Problem to solve => Look through the material below. Return exactly the lines from the one with "US ARMY BAKER PANTS REPAIRED 02" through the one with "Wedding ceremony Dress", both included.

[[ Extracted entries, beginning ]]

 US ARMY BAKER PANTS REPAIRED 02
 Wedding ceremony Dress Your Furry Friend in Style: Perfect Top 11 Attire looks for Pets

[[ Extracted entries, end ]]
[[ Extracted entries, beginning ]]

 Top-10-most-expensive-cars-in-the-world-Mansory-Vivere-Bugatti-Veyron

[[ Extracted entries, end ]]
[[ Extracted entries, beginning ]]

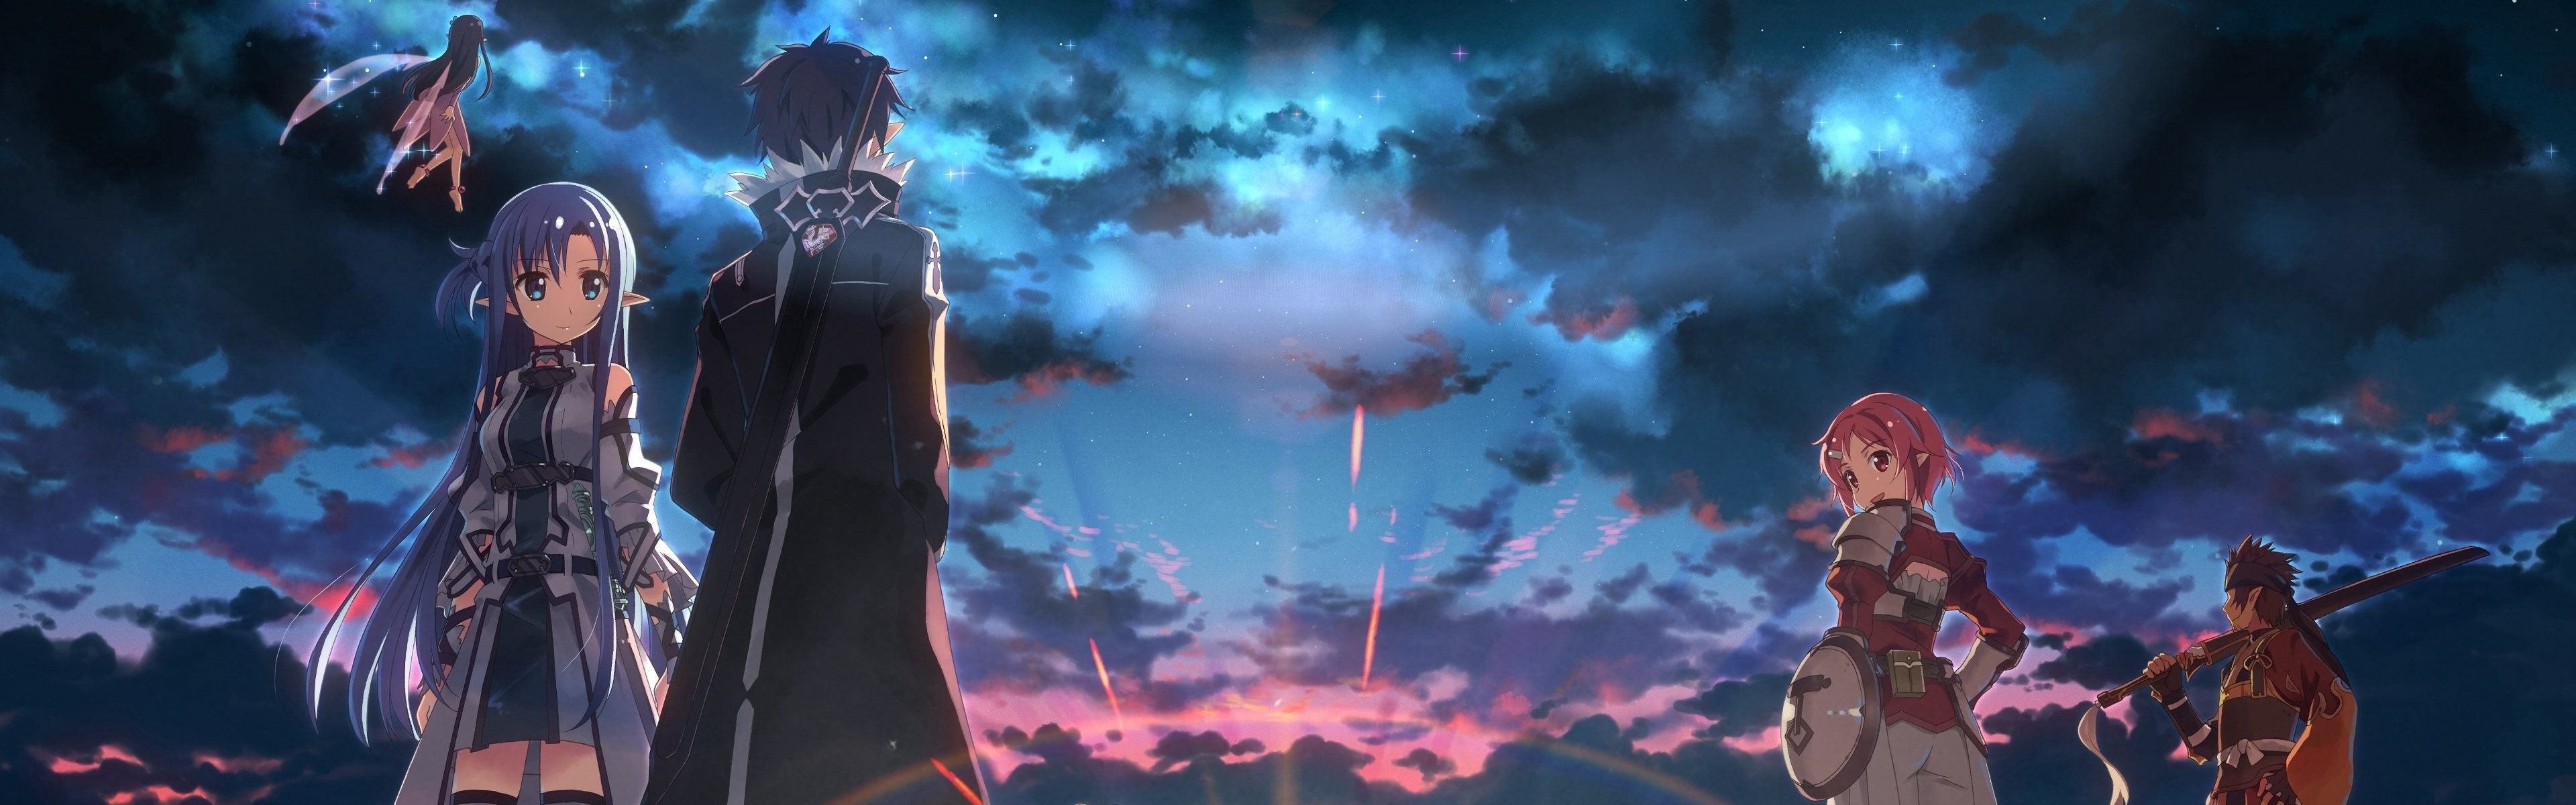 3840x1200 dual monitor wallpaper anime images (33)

[[ Extracted entries, end ]]

Finished exercise =>
 US ARMY BAKER PANTS REPAIRED 02
 Wedding ceremony Dress Your Furry Friend in Style: Perfect Top 11 Attire looks for Pets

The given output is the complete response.